Feel free to run down references such as  and . The footnote is enough for me.
In artificial intelligence (AI), a hallucination or artificial hallucination (also occasionally called confabulation or delusion) is a confident response by an AI that does not seem to be justified by its training data.
This is interesting, based off of the historical context, could the processes that lead to the initial hallucination cases (reporting things that aren’t there in an image, computer vision?) be considered something entirely different than the processes that result in confabulation in LLMs? Would it be useful to separate these terms while we’re trying to understand these errors more deeply?
My personal view is no. Both words have an established meaning. Reusing a word with an established meaning and/or adding another meaning to it just compounds the problem.
Many decades ago I took Latin and learned how many modern words with languages that derived from Latin were created, such as Galaxy. (OK, Galaxy derives from Greek but the idea is the same) Then it was obvious how many words over the century came about. But now more often the art of coining words from Latin bases is fading away and instead people are reusing existing words. One word that is way overused is the word functor that one is a pain to use as a keyword because it is connected to so many things with very different meanings.
What is even worse is one letter operators in programming languages, how many know that the comma (,) is really a binary operator.
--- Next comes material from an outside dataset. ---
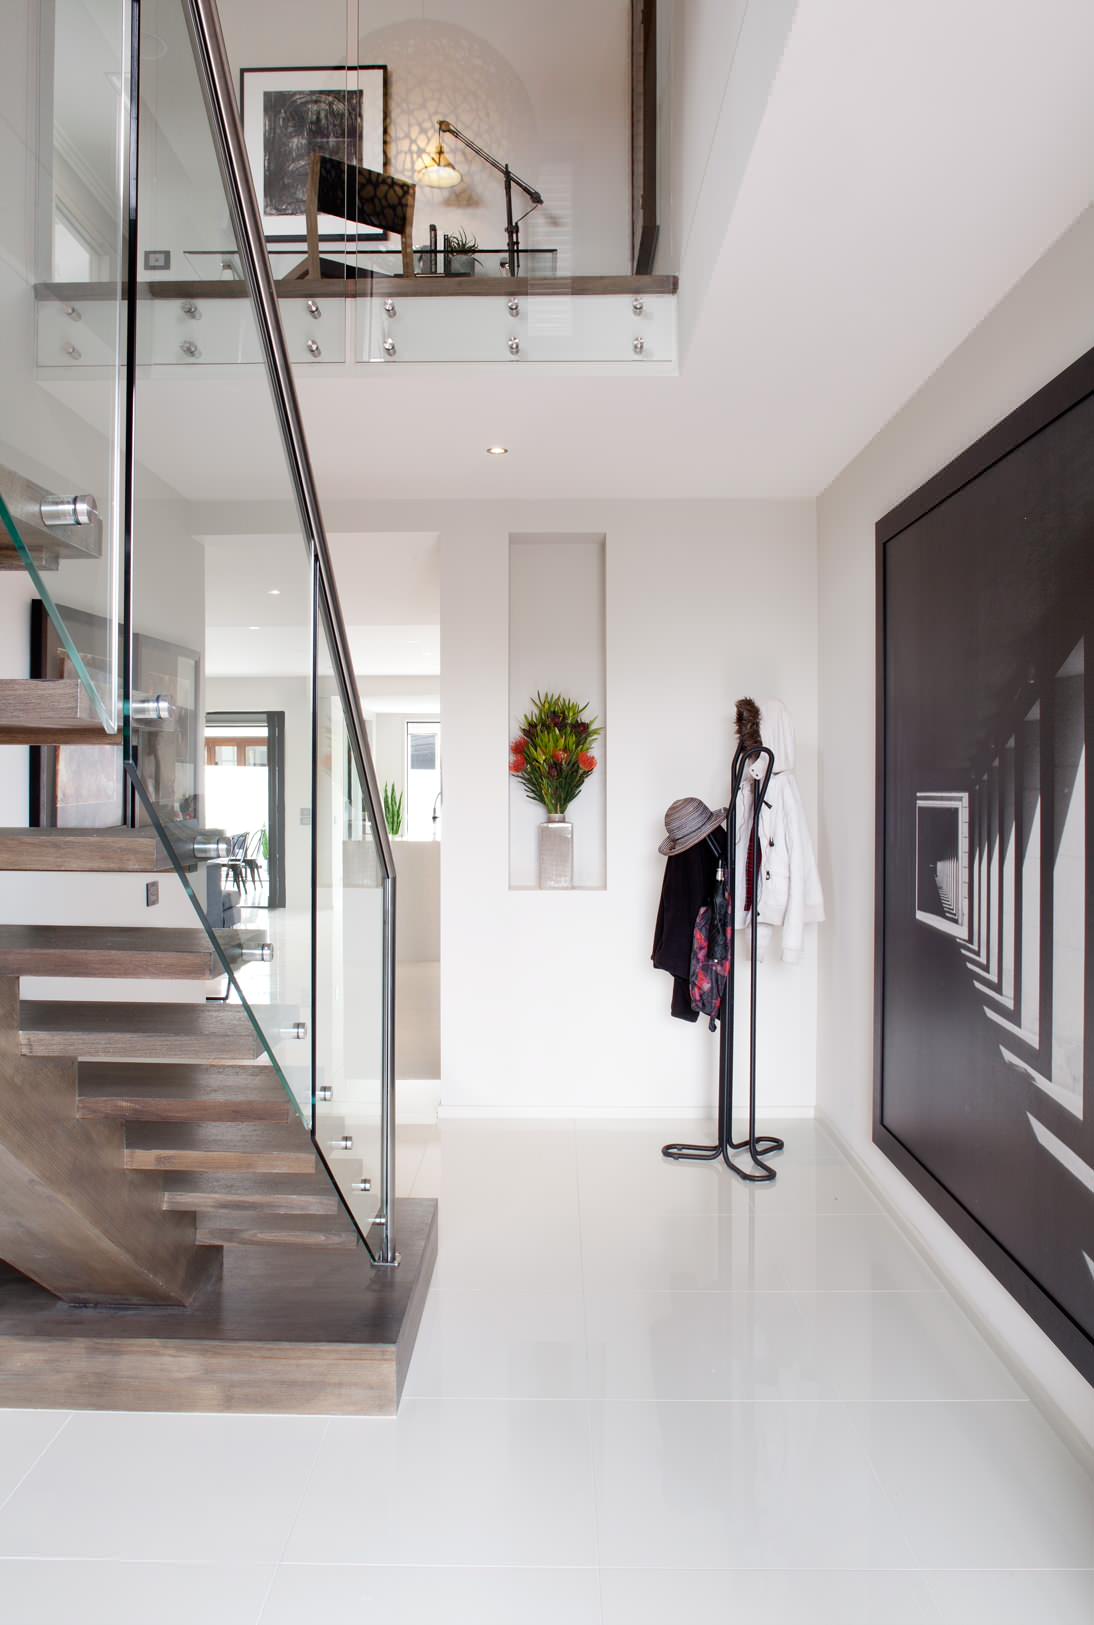 Great use of a stairwell void here for a Stiltz Duo Vista home

Most just think of it as a line ending or separator but if you write parsers it really is an operator just as much as (+) is an operator.
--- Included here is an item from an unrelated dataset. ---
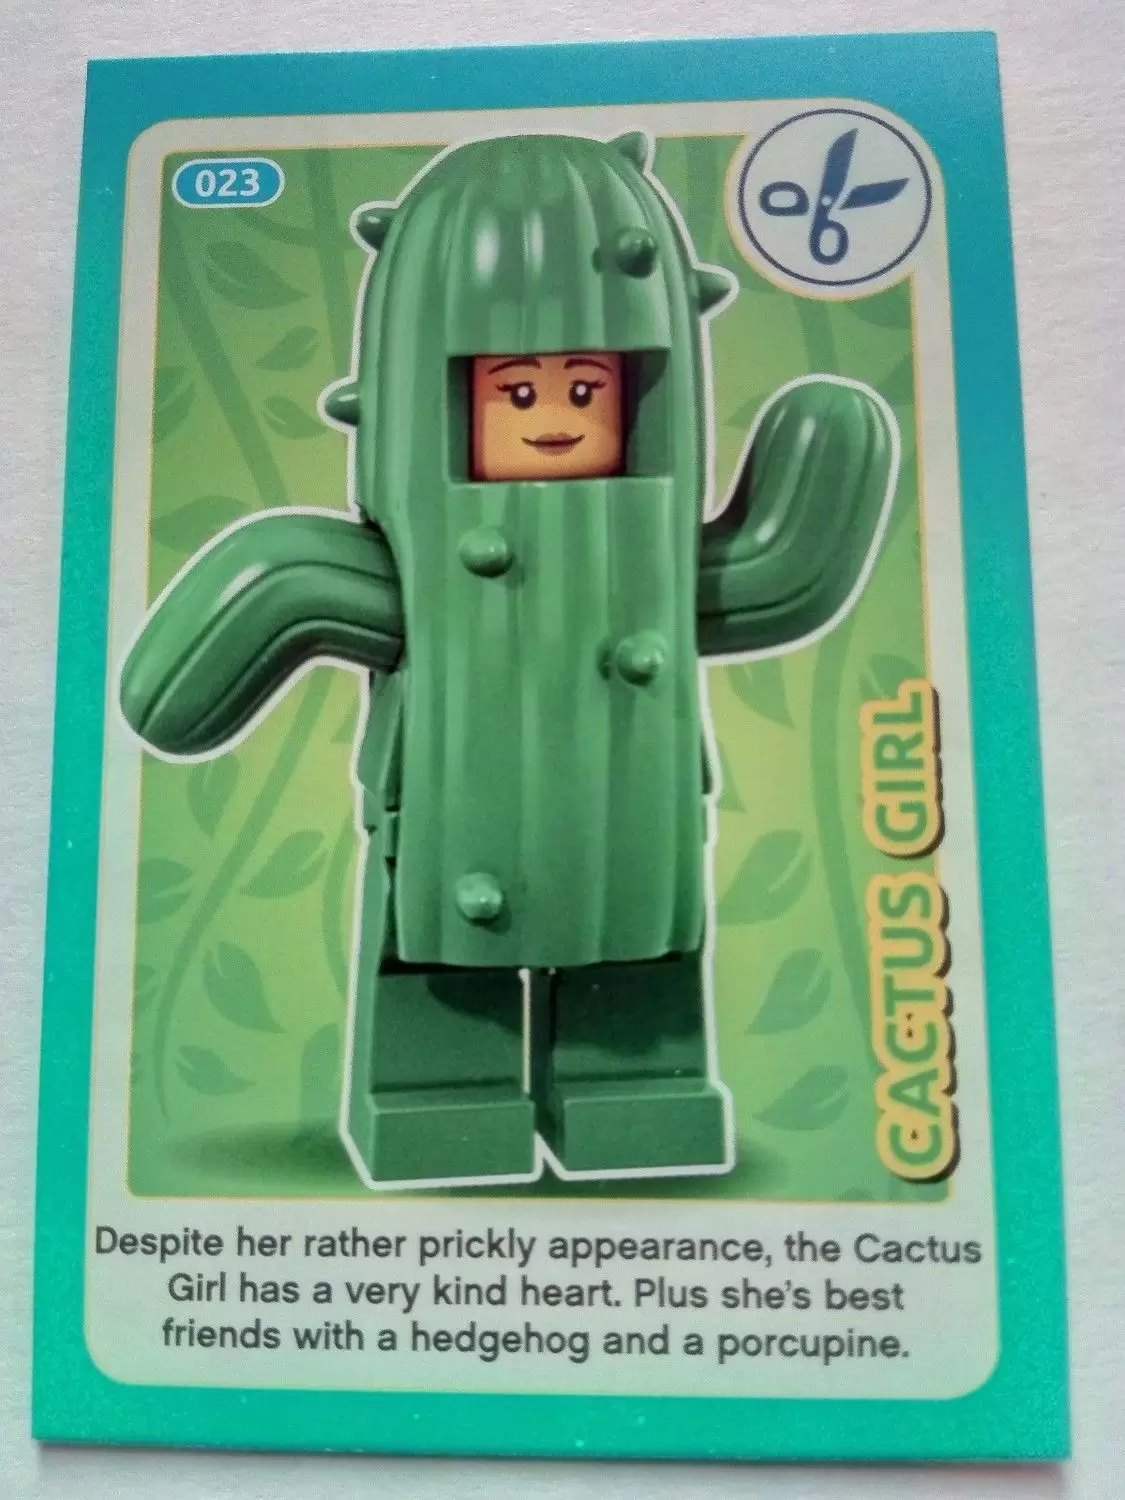 2018 Lego Incredible Inventions Create The World Card Cactus Girl # 023

It seems to me that the original use of hallucination was originally more objective rather than suggesting it was intrinsically wrong as per this quote.
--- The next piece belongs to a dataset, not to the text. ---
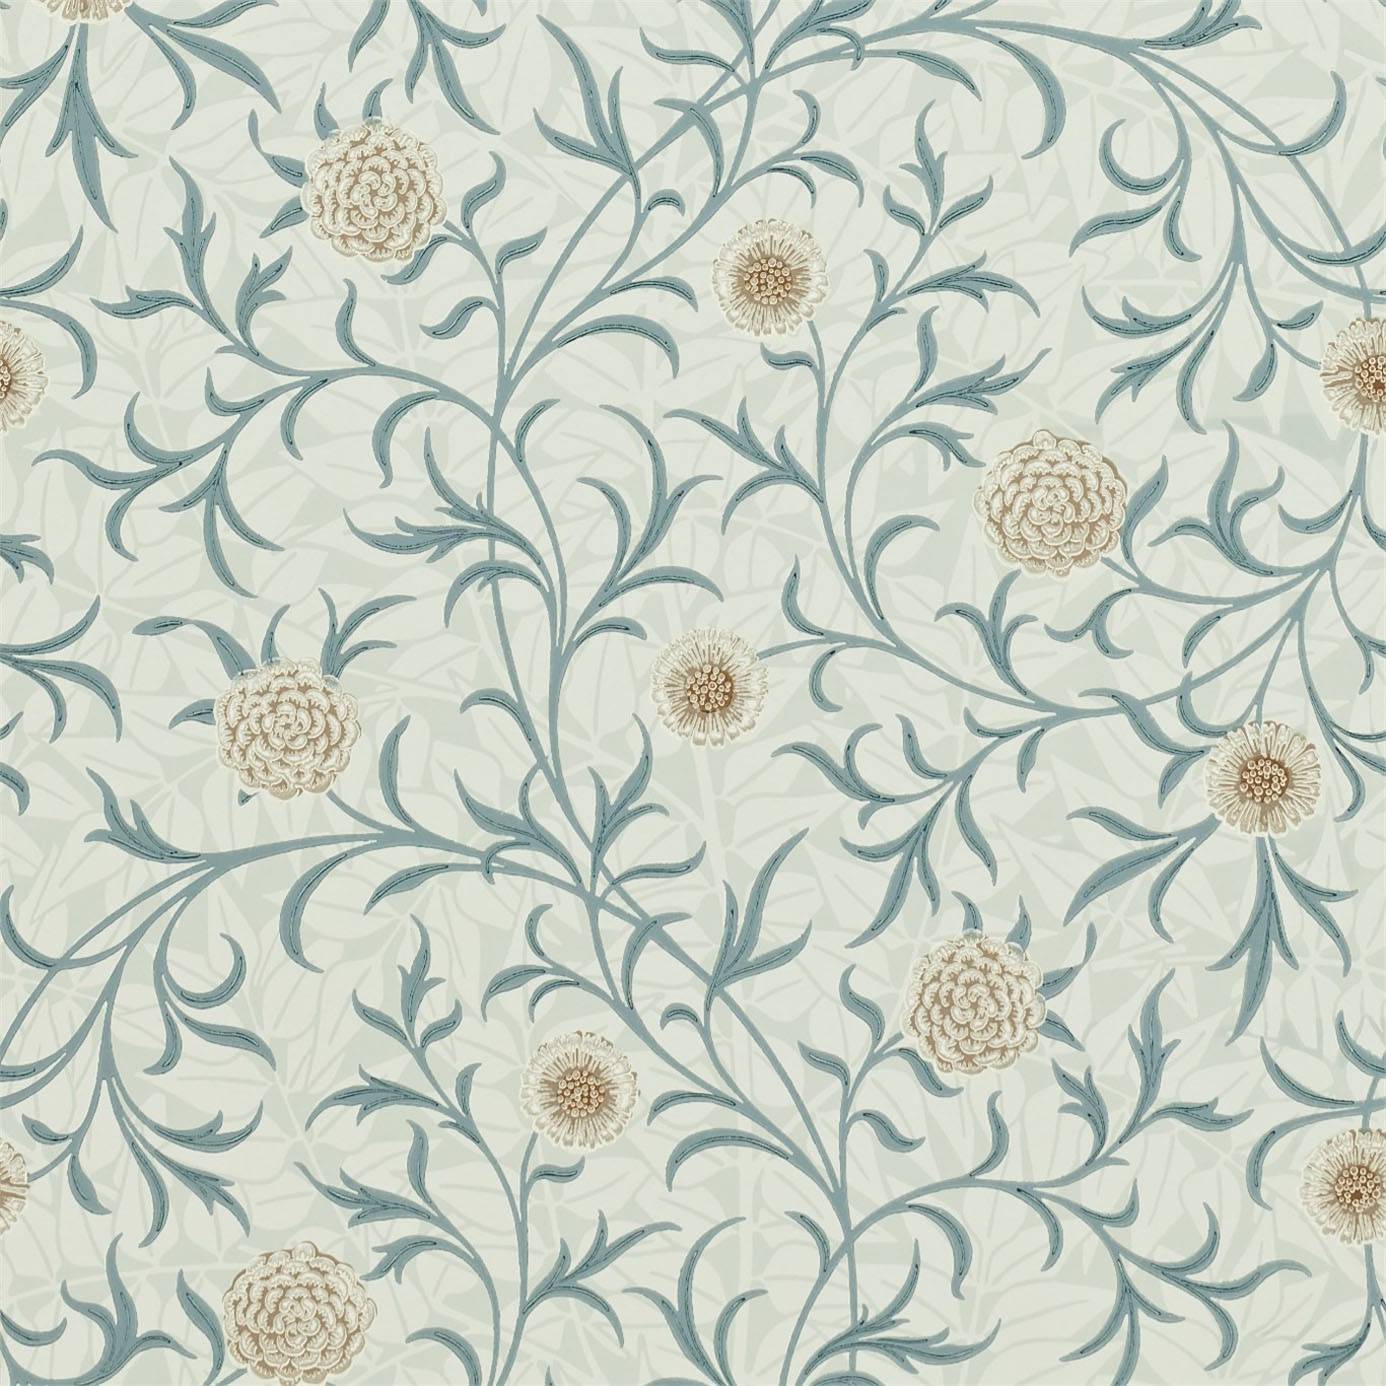 Free download Wallpapers William Morris Co Archive Wallpapers Scroll

So under the right conditions it hallucinations are “creative”. But in the context of some prompts that creativity is not welcome. They are just out right wrong or even a lie. And we already recognize this in our own world. “She was creative with the truth”, euphemistically meaning she lied.
So based on that, I think hallucination might be a useful generalized term. Which becomes “creative” when we want fiction or another creative output. And “confabulation” when we are looking for facts.
Don’t be too hard on yourself, even if you had phrased your question in a perfectly neutral way GPT would still have applied different weights to your input according to pre-training data and order of appearance
By the way, when a patient is confabulating, it’s bizarre and fascinating (I consider myself a compassionate doctor, and this isn’t something I play with when I’m interacting with patients, but there are times where you need to legitimately test for it). You’ll hear this incredibly compelling, fabricated story if you just start it off in pretty much any direction. To me, it almost seems to reflect the LLM that we all have (when the processes that ensure/incorporate reason and context aren’t functioning appropriately but the language center is completely spared/preserved).
I like the idea of using a term (even just personally) that makes it clear LLM outputs aren’t really a reliable source for truthful information (yet…). I feel like confabulation is more appropriate semantically (compared to hallucination) for inaccurate or untruthful LLM outputs and that the opposite could be considered true for things related to computer vision. Especially after learning about an original/very early use thanks to the scholar @EricGT .
I think “untruth” would be reasonable but Orwell gave that one a bad wrap
My background is also in neuroscience/neuropsychology. I think it’s more likely that the computer scientists didn’t know that confabulation is exactly the term they were reaching for. Wonder if it ever changes or if this sticks.